→ **Goal of the exercise**
When the string "Wallpaper" occurs in a line of the records, show that line.

Records excerpted from a collection:
[Start of Attachment]

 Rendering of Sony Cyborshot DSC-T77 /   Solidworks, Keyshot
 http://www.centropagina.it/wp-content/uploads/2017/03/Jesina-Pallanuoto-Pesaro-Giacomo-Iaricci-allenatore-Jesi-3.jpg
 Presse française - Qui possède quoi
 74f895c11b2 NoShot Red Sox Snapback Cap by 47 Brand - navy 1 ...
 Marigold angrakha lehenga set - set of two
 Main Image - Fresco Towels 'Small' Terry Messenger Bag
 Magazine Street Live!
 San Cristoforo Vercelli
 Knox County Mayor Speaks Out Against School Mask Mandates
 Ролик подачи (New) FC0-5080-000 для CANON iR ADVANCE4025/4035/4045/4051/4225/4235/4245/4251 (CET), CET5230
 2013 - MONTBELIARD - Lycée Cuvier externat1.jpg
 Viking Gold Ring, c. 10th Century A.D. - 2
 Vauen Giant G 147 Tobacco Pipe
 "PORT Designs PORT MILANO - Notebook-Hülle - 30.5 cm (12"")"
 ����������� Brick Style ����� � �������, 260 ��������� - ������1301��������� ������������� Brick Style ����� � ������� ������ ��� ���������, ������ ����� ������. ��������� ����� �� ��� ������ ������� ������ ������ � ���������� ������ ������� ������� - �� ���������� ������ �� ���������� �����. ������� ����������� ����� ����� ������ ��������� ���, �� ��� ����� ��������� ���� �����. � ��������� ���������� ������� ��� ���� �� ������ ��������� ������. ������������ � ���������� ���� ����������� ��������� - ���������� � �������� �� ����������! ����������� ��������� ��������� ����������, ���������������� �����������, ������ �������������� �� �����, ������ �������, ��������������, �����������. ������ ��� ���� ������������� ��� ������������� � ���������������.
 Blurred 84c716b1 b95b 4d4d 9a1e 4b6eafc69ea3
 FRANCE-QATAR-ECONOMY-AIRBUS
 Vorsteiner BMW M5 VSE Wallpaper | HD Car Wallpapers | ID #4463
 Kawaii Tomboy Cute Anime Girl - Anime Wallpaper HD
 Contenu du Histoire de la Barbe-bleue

[End of Attachment]

→ **Answer to this exercise**
 Vorsteiner BMW M5 VSE Wallpaper | HD Car Wallpapers | ID #4463
 Kawaii Tomboy Cute Anime Girl - Anime Wallpaper HD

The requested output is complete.